Even after a movement for political rights morphed into a civil war, local 
Sunni and Christian leaders worked to maintain calm. Local groups of rebels 
have long occupied the Safir hotel on the edge of town. But until last week, 
Mother Sayaf said, residents moved unmolested between rebel and government 
territory. 

“We don’t have any problem with Christians, they are living among us for 
thousands of years,” said Abu al-Majd, a rebel from nearby Yabroud who, like 
others, gave only a nickname for safety. “Before, with and after Assad.” 

But on Wednesday, fighters from Homs, to the north, attacked an army post 
outside the town that had long shelled surrounding areas. The Nusra Front sent 
a Jordanian fighter to blow himself up, and a Free Syrian Army unit from Homs 
took part over angry objections from local fighters, rebels said. 

“Wrong timing, wrong location,” said Mahmoud, an antigovernment activist in 
Yabroud. “Now the regime has the perfect excuse to show us in a bad light.” 

On Saturday, rebels seized the town. One leader was filmed telling his men to 
safeguard civilians and churches. Another video showed masked rebels with 
grenade launchers saying they had entered for “military reasons” because the 
checkpoint was “harming Muslims.” 

The nuns huddled in monastery rooms tunneled under the cliffs. About 25 
fighters entered, including some who appeared to be Saudi, Mother Sayaf said, 
and one who did not understand Arabic. But one fighter, a local worker, gave 
his phone number and told the nuns to call if they needed help. 

A rebel video shows Mother Sayaf flinching at the crash of shells but otherwise 
calm — at one point answering the phone, “We’re in a meeting,” and saying all 
is well. That statement angered some residents who fled to Bab Touma, a 
Christian enclave in the old city of Damascus, said Abu Tony, a leader of a 
neighborhood militia there. He said three residents were taken hostage and 
others were told, “Convert and you’ll be safe.” 
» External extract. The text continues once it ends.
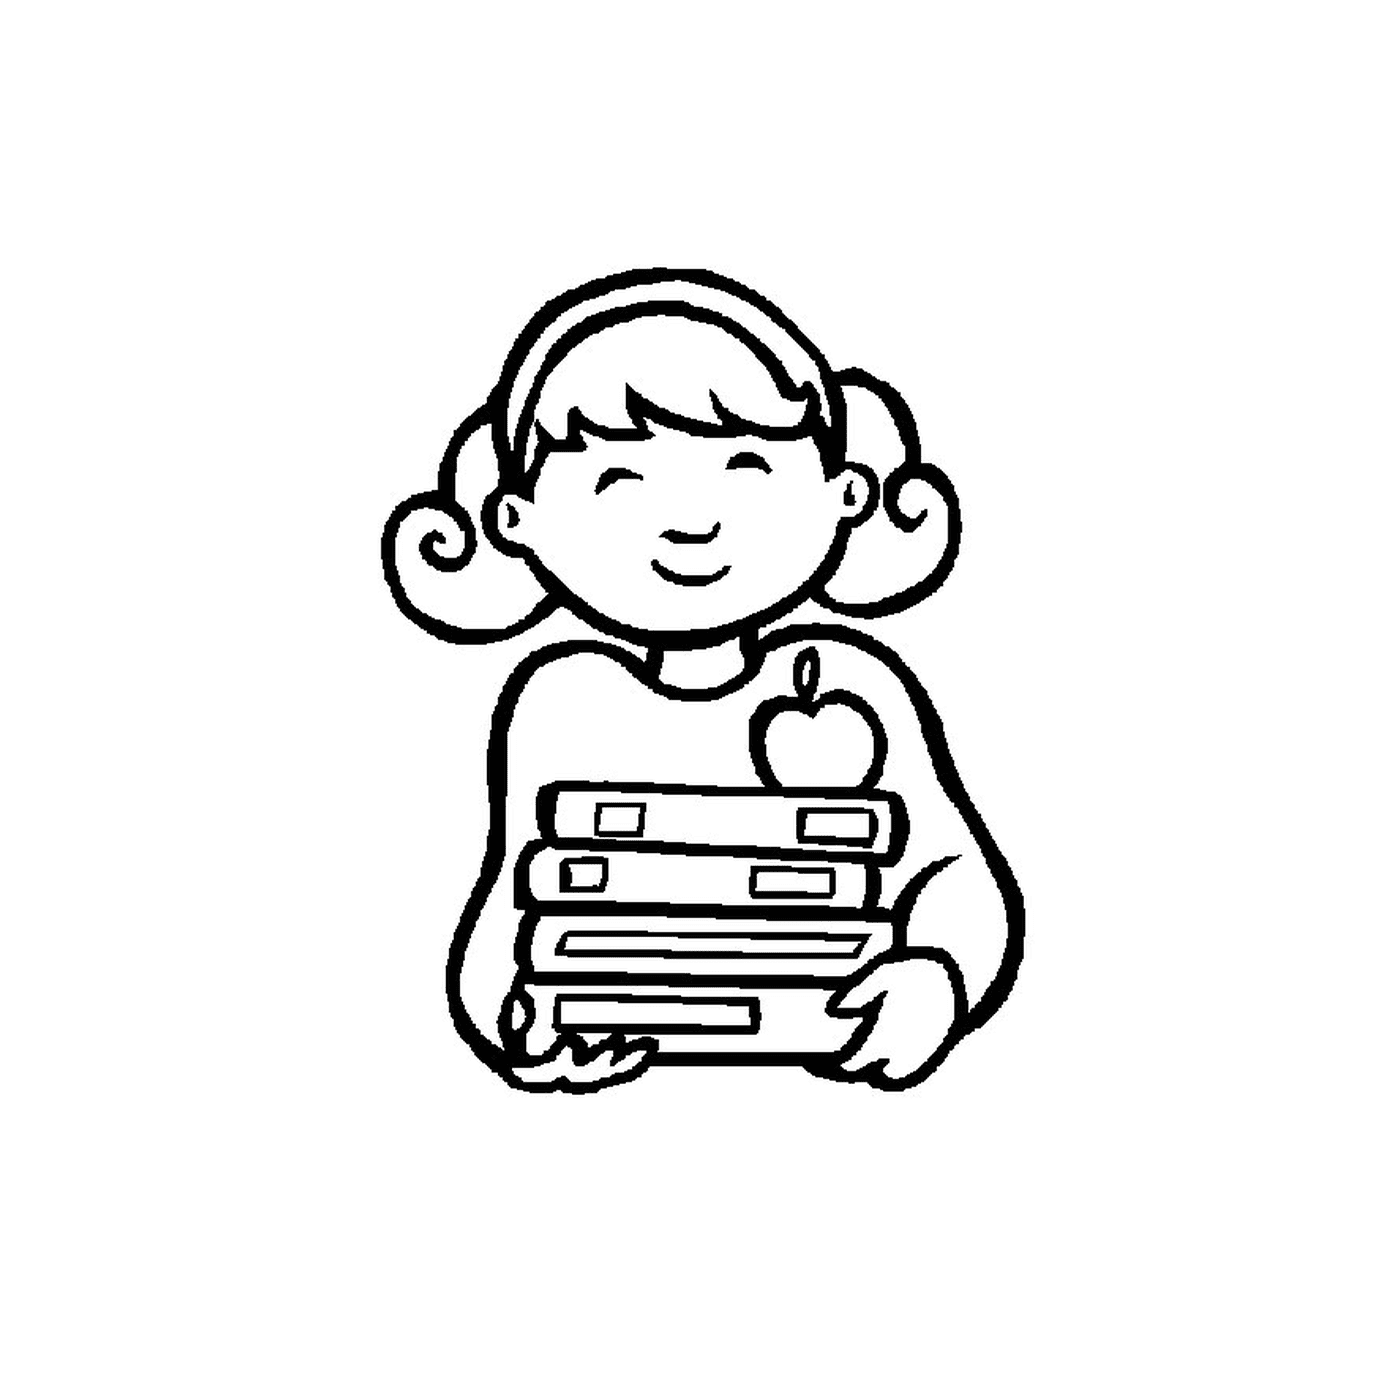   Petite fille tenant une pile de livres

Rebels and Bab Touma residents said the government sent reinforcements that 
included Iraqi Shiites and Christians from Bab Touma who joined “popular 
committees,” local government militias that are said to protect neighborhoods 
but that analysts and residents say are increasingly being deployed elsewhere. 

The government has been shelling near the hotel and a monastery, according to 
rebels and Russia Today, an official television outlet that supports Mr. Assad. 
Rebels say they pulled out of the town to minimize the damage; others say they 
still occupy much of it. 

The nuns could not tell what was happening outside but heard shelling and rocks 
falling from the cliffs, Mother Sayaf said. She tried to look on the bright 
side, seeing evidence of miracles. 

“Neither crosses nor statues were broken,” she said. “I’ve never seen anything 
like it.” 


An employee of The New York Times contributed reporting from Beirut, Lebanon.